Wednesday, January 5, 2011

Chess and Grow Up Underwhelmed

  We have proud moments in our life that make us who we are and who we were. I have a few of those moments that make me smile as remember them. When my child was born, when I got married, and the first time I saw my first car are just some of those events. Some moments aren't that easy to point out.
  Once when I was in first period in high school, on the first day of my senior year and I was trying to be inconspicuous. That was the way I was in school. I hide who I really was from the rest of my classmates. Note: I am not saying that they weren't doing the same thing I was, I believed I just better at it. I didn't do well in school on purpose; I didn't want to flunk either.
  The announcements came on and soon they were talking about chess club. I almost laughed when my name was mentioned.
  "CHESS CLUB WILL BE STARTED SOON AND JAMES FARNWORTH IS THE ONE TO BEAT."

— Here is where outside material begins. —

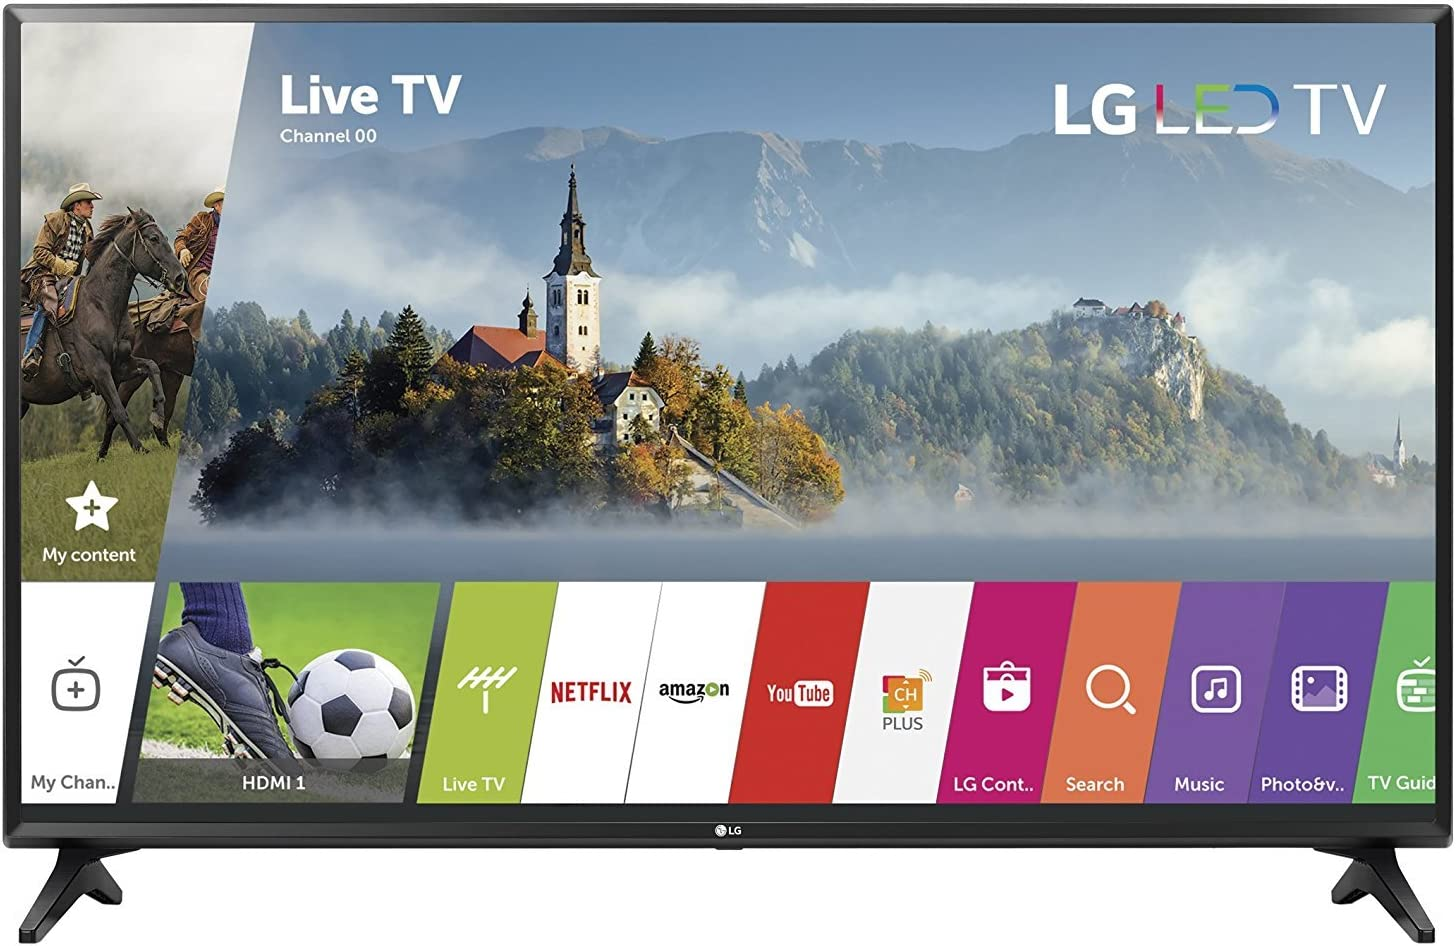 LG 49LJ5500 LED 1080p 60 Hz Full HD Smart TV 49

  I looked up and around and found all eyes in the class staring back at me, including the teacher. Shock was the only word to explain want I say in their eyes. The weeks that followed left me playing against fellow students that thought they were better than me, both at chess, intelligence, and other things that go along with being a high school student.
  Lunch time, I sat behind the counselor's desk taken on students and a few teachers. The counsel ask me one day to even comment on who I thought would help us win at Chess meets. Our sports teams may not have won every match, but the Chess team, my Chess team won every meet. I was proud of myself and my teammates. Alas, no letter given for kicking the crap out of other Chess player from other school's.
  For a while was the best at something and it was defiantly out of character to who I wanted everyone to think I was, which was someone that didn't care about what people thought about me. However, it was the opposite of what I was, an insecure teenage like everyone else.